"Root & Branch Association, Ltd." wrote:

> Medicine/News:  NEW UNDERSTANDING OF A KEY CONTROL MECHANISM IN THE
> BRAIN:  WEIZMANN INSTITUTE FINDINGS COULD PROVIDE NEW INSIGHTS INTO A WIDE
> RANGE OF NEUROLOGICAL DISORDERS, INCLUDING ALZHEIMER'S DISEASE, AUTISM AND
> EPILEPSY
>
> Copyright (c), 2001, the Weizmann Institute of Science
>
> REHOVOT, Yom Shlishi (Third Day -- "Tuesday"), 4 Av, 5761 (Gregorian
> Date:  July 24, 2001) (Hijri Date:  3 Jumad Awal, 1422), Root &
> Branch:  Despite more than a century of research on inhibitory neurons,
> very little is known on how this small population (10-20% of brain neurons)

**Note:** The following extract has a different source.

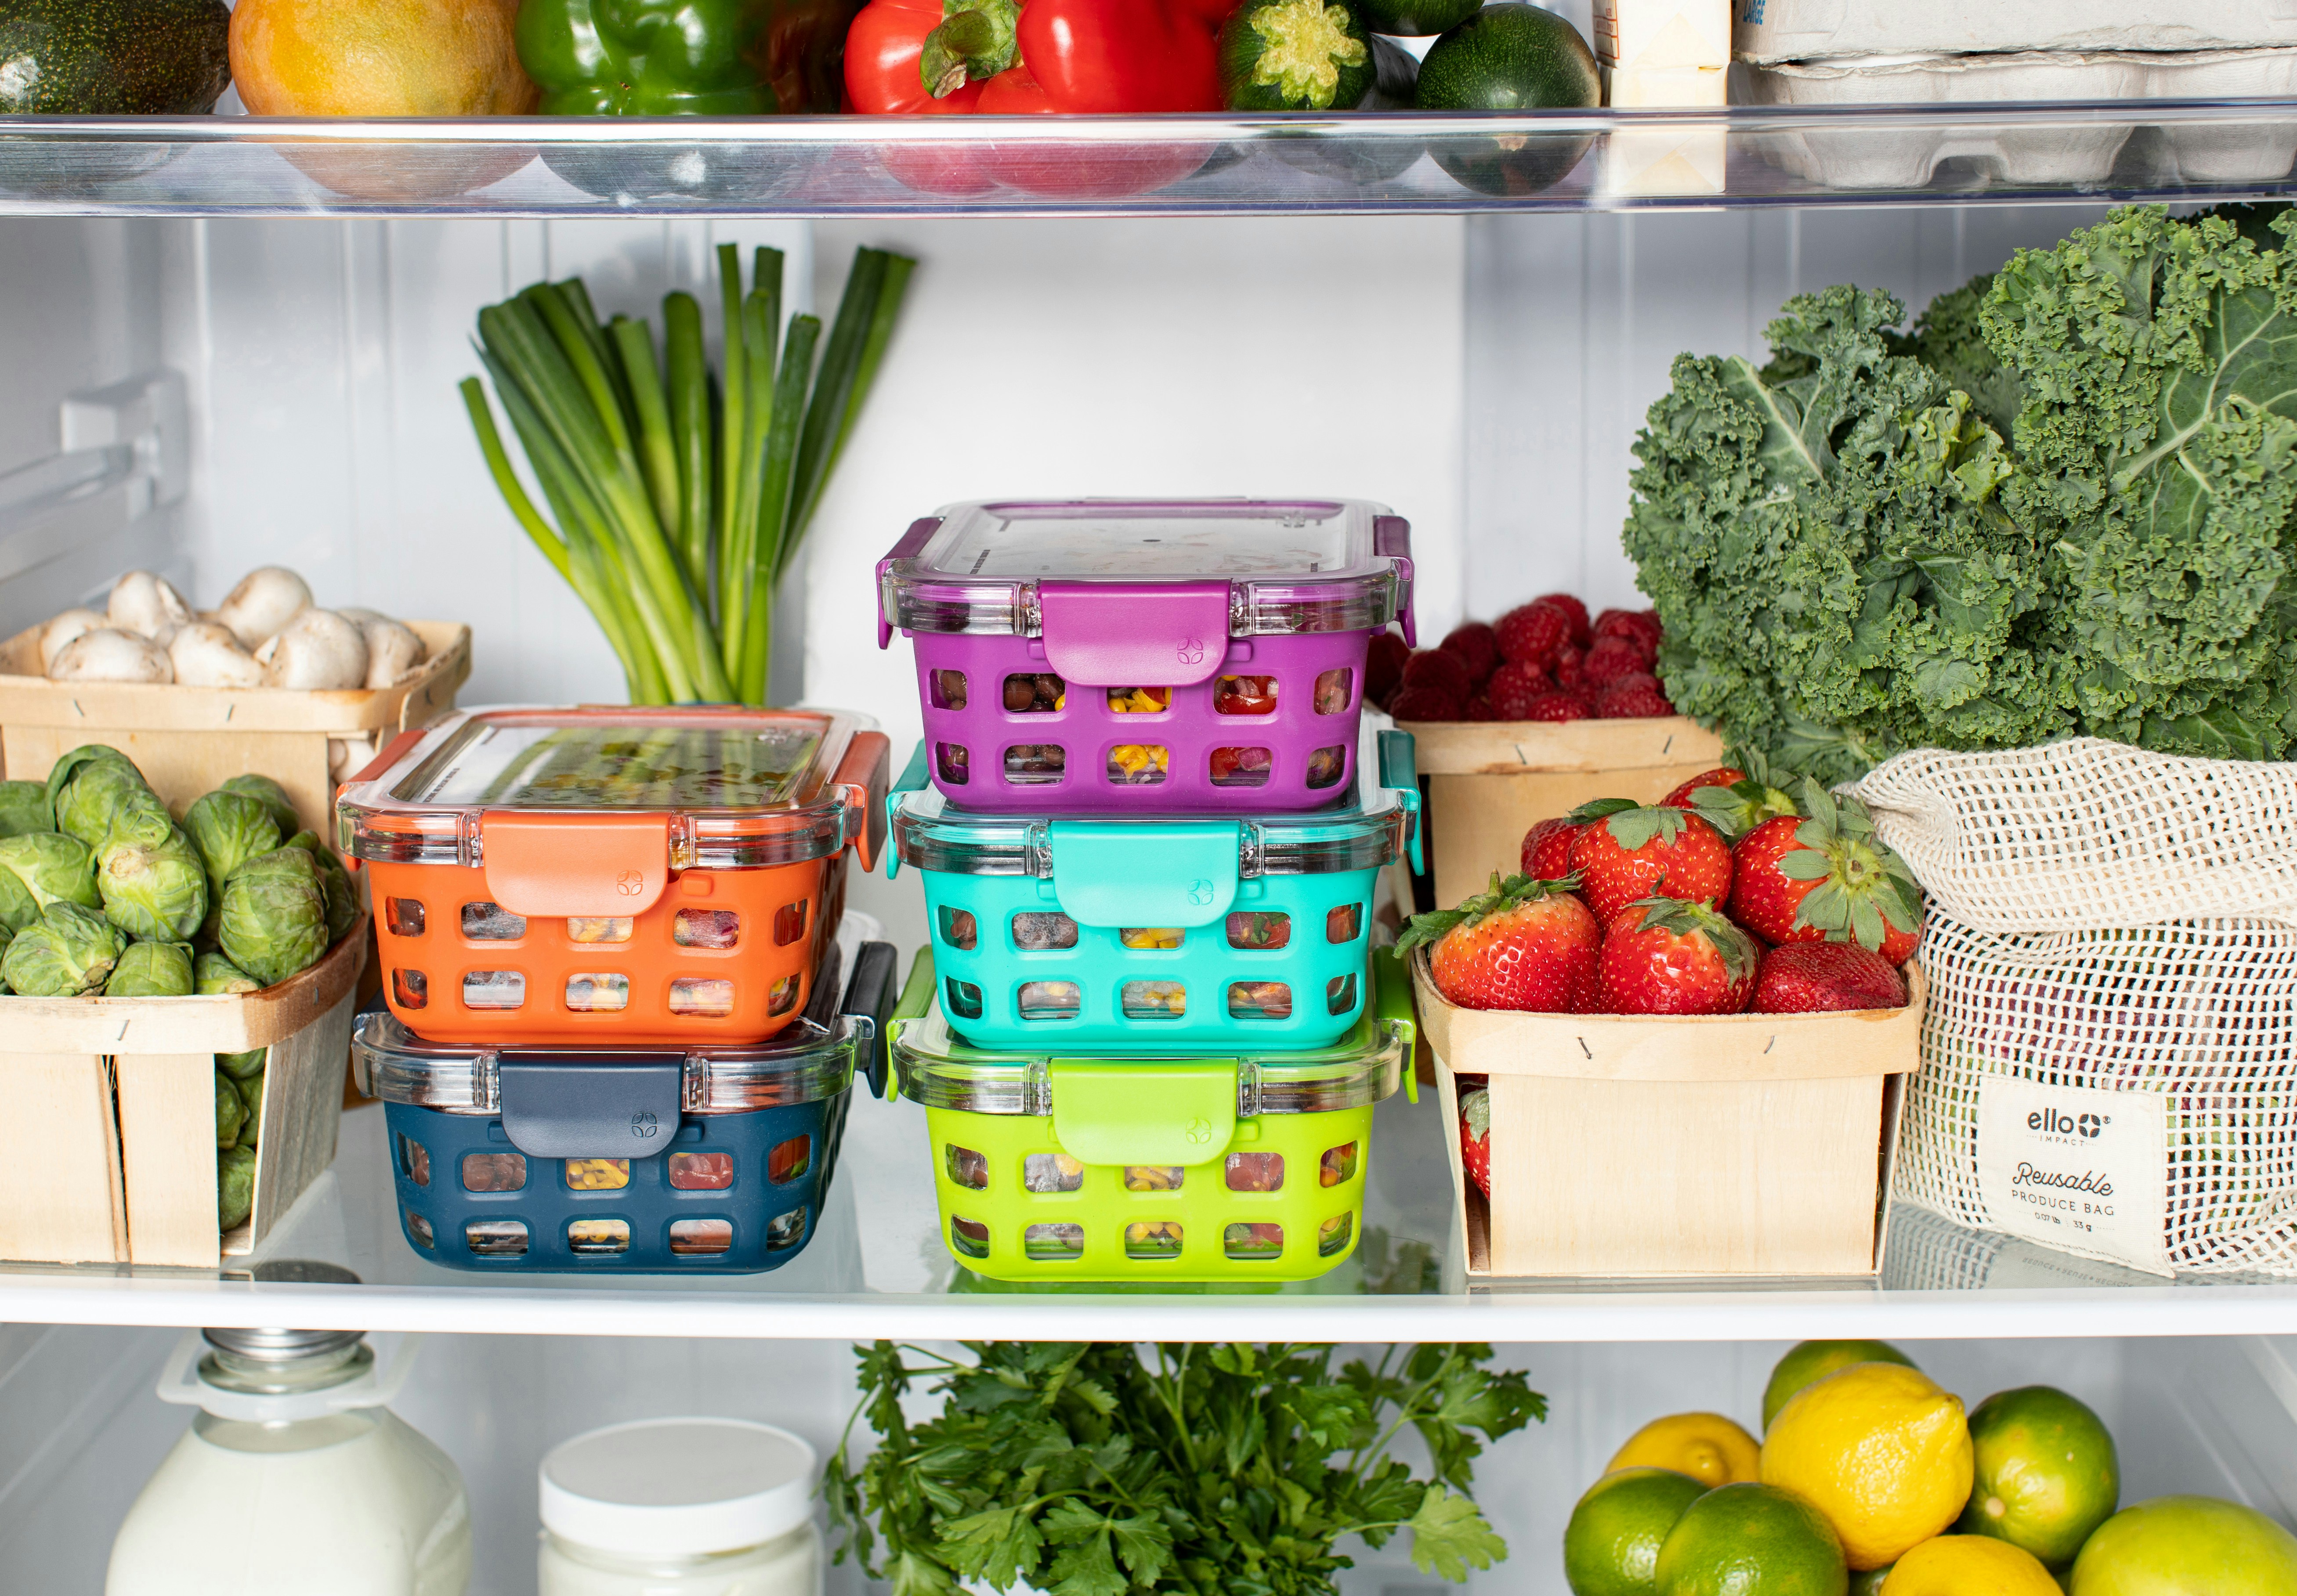 Refrigerator shelves stocked with fresh produce

> exerts its controlling effect on the brain.  Pivotal for normal brain
> development, learning, and memory, it is not surprising that inhibitory
> neurons are involved in most neurological disorders.  A study at the
> Weizmann Institute, published in the January, 2000 issue of Science,
> reveals key principles underlying the design and function of this
> inhibitory system.
>
> By repressing the level of activity in neighboring neurons, inhibitory
> neurons (I-neurons) prevent the brain from quickly spinning out of control
> into hyper-excited states or full-blown epilepsy.  One of the problems that
> children with autism and attention deficit hyperactivity disorders (ADHD)
> have is I-neuron malfunction:  their inhibitory system does not effectively
> suppress unwanted information, impeding their ability to make choices.
>
> I-neuron malfunction is involved in memory disorders (such as Alzheimer's
> disease), neural trauma, and addictions.  It also plays a role in a wide
> range of psychiatric disorders, such as depression, obsessive compulsive
> disorders, and schizophrenia.
>
> In the past, researchers basically thought that I-neurons just sprayed an
> inhibitory neurotransmitter called GABA onto their neighbors.  But this did
> not explain how they inhibited the right neurons at exactly the right time
> and to the right degree.  The new study carried out in the laboratory of
> Professor Henry Markram of the Weizmann Institute's Neurobiology Department
> shows how they achieve this.
>
> CONTROLLING THE NEURON CROWD
>
> The research team found new types of I-neurons, revealing that this tiny
> population is several times more diverse than previously thought.  Further,
> using new methods that they developed, the researchers succeeded in
> recording directly how individual inhibitory neurons control their
> neighbors.  They found that I-neurons build complex synapses (connections)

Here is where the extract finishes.